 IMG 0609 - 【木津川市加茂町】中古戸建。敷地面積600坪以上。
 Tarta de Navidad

---

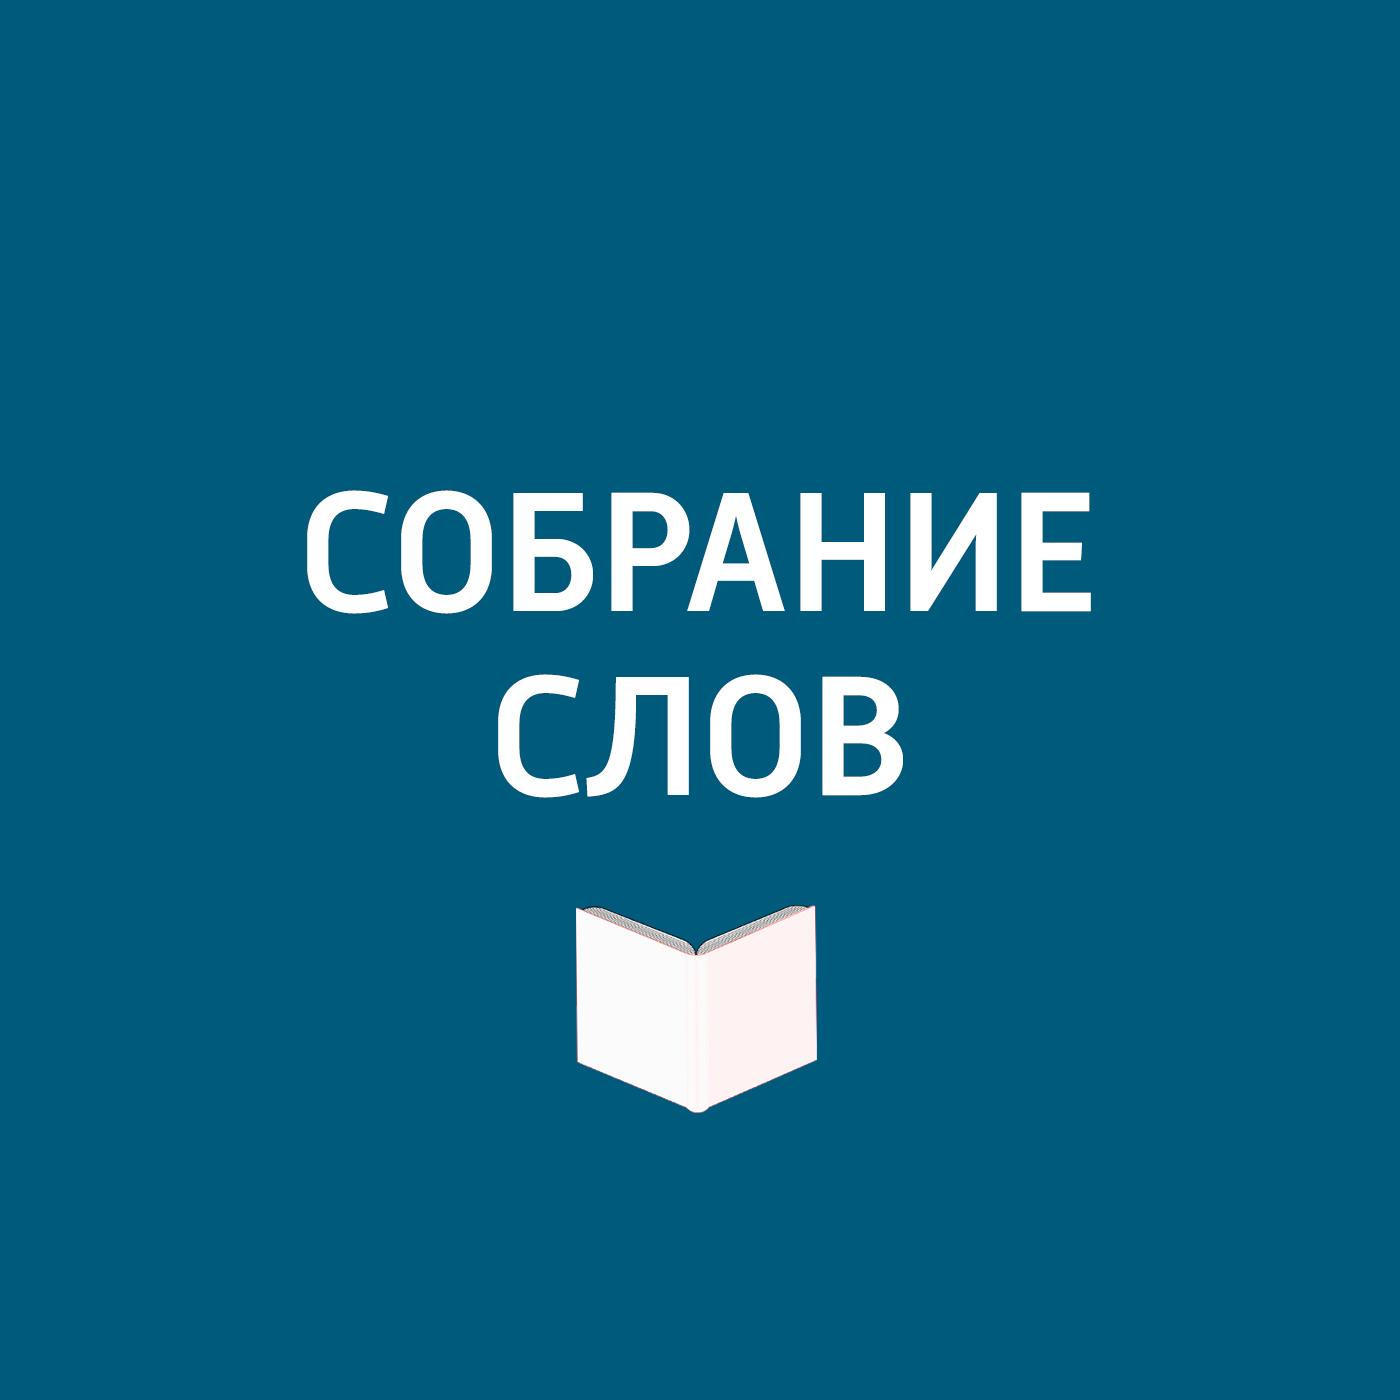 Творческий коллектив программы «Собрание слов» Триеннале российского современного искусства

...

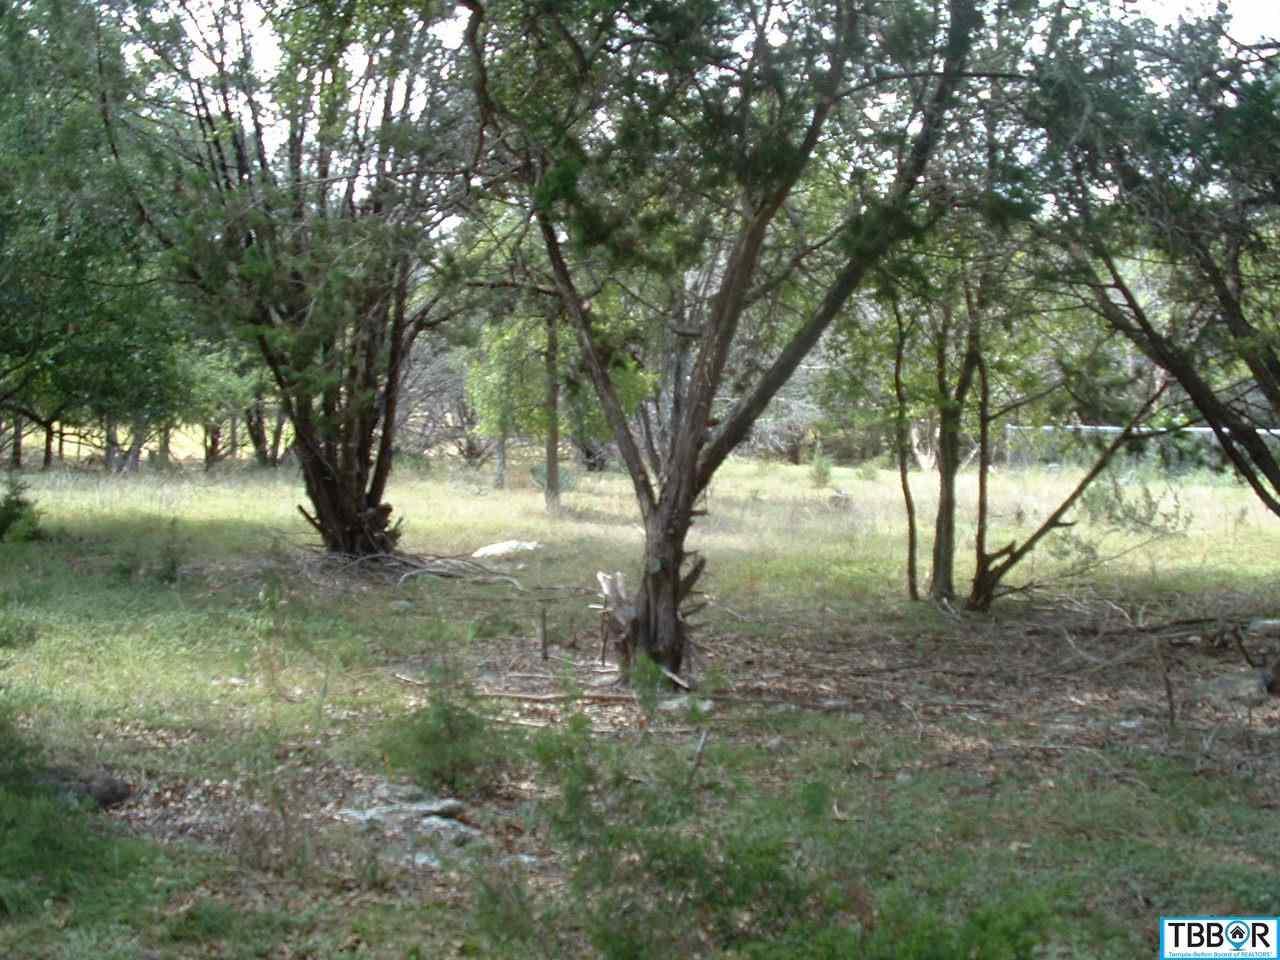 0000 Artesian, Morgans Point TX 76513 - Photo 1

## Exercise goal:
Using the listing above, return word for word each line from the one that has "IMG 0609 - 【木津川市加茂町】中古戸建。敷地面積600坪以上。" through the one that has "Tarta de Navidad", and no line outside that range.

## Your response:
 IMG 0609 - 【木津川市加茂町】中古戸建。敷地面積600坪以上。
 Tarta de Navidad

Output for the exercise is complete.